Contents


  1. Introduction
  2. Why do Zero Knowledge Proofs matter?
  3. Why are ZKPs slow and how do we make them fast?
  4. Hardware matters
  5. Conclusion

Introduction

Zero Knowledge cryptography is one of the most notable innovations in the last fifty years of computer science. Zero Knowledge Proofs (ZKPs) offer unique properties that make them essential components of various blockchain scaling and privacy solutions, including ZK rollups like StarkNet, private ZK rollups like Aztec, and Layer 1 chains like MinaFilecoin & Aleo.

ZKPs are slow and expensive to produce due to a large number of expensive math operations. However, with the usage of specialized hardware like Field Programmable Gate Arrays (FPGAs) and Application Specific Integrated Circuits (ASICs), they can be accelerated by 10-1000x.

As users seek more expressive, performant, and private computation, the complexity of the statements proven with ZKPs will increase. This will result in slower proof generation, necessitating the use of specialized hardware so that proofs can be produced in a timely manner.

The operators of the hardware will need to be compensated for their work, similar to Bitcoin miners. Eventually, a full ZK mining and proving industry will manifest, starting with hobbyists generating proofs in their CPUs, then GPUs, then FPGAs. In contrast to Bitcoin, we anticipate that ASICs could take a long time to see adoption, if ever.

Why do Zero Knowledge Proofs matter?

Zero Knowledge Proofs have two main use cases.

Outsourced Verifiable Computation

Assume you have some computation that is expensive or impossible to run due to constraints of the platform you are using (e.g. your laptop, a Raspberry Pi, or even Ethereum).

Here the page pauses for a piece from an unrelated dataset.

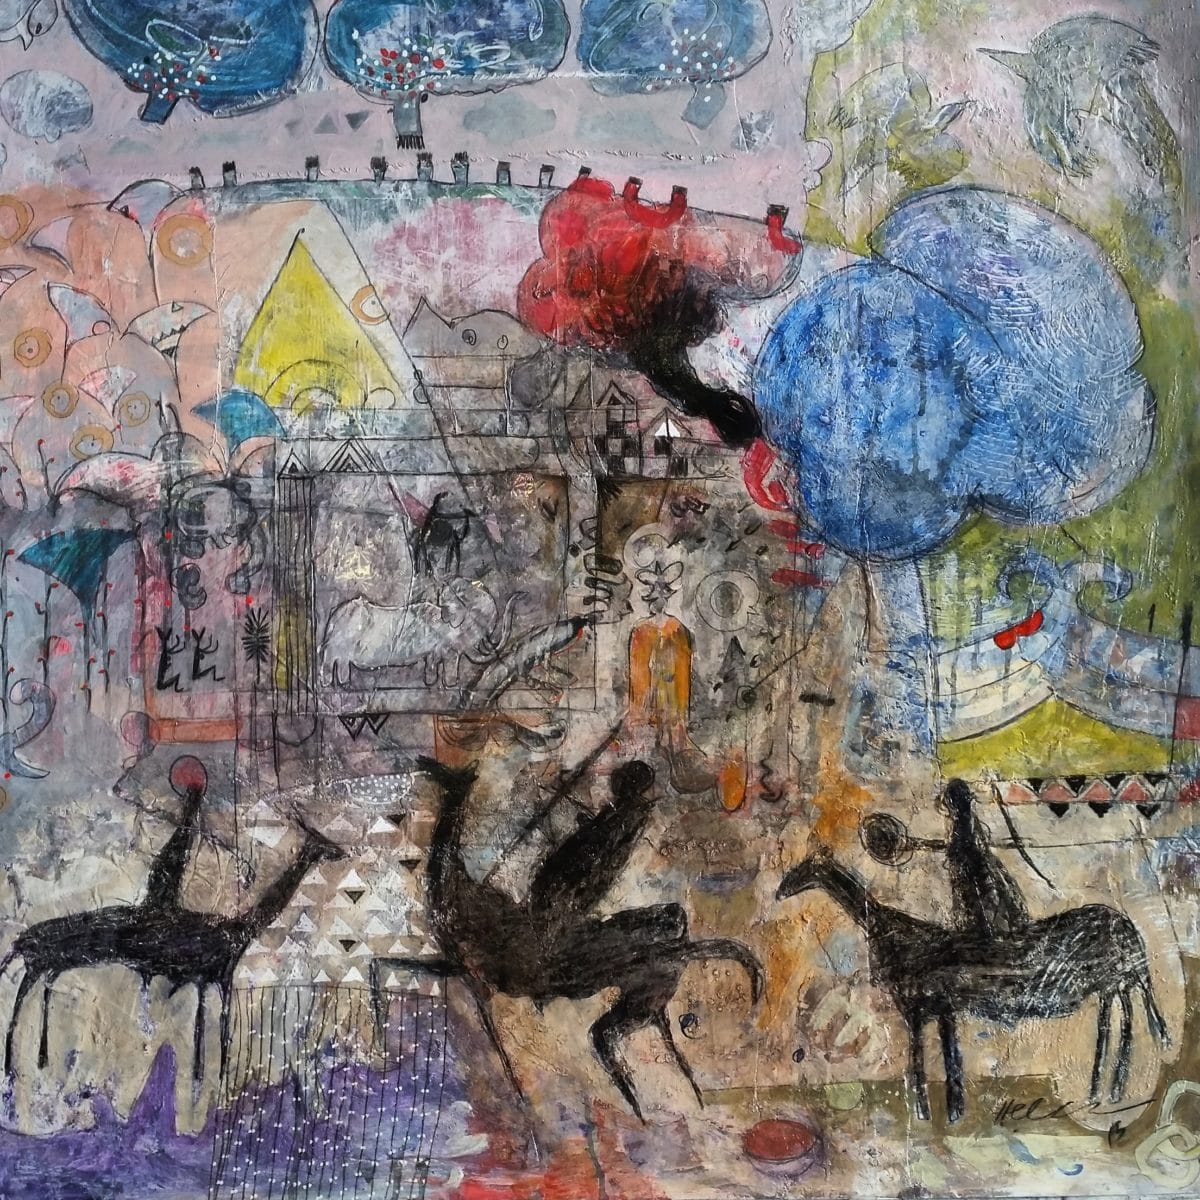 Hussein Salim - Mixed Media on Card - 2015

Instead of running the computation on your platform, you must run it on a third-party service that can return to you the output of the computation quickly and cheaply (e.g. an AWS Lambda function, or an oracle service like Chainlink).

Normally, you would need to trust that the computation has been executed correctly, allowing the provider to output an invalid result, with potentially catastrophic consequences.

ZKPs allow a third party provider to also output a proof of computational integrity which guarantees the output you received is correct.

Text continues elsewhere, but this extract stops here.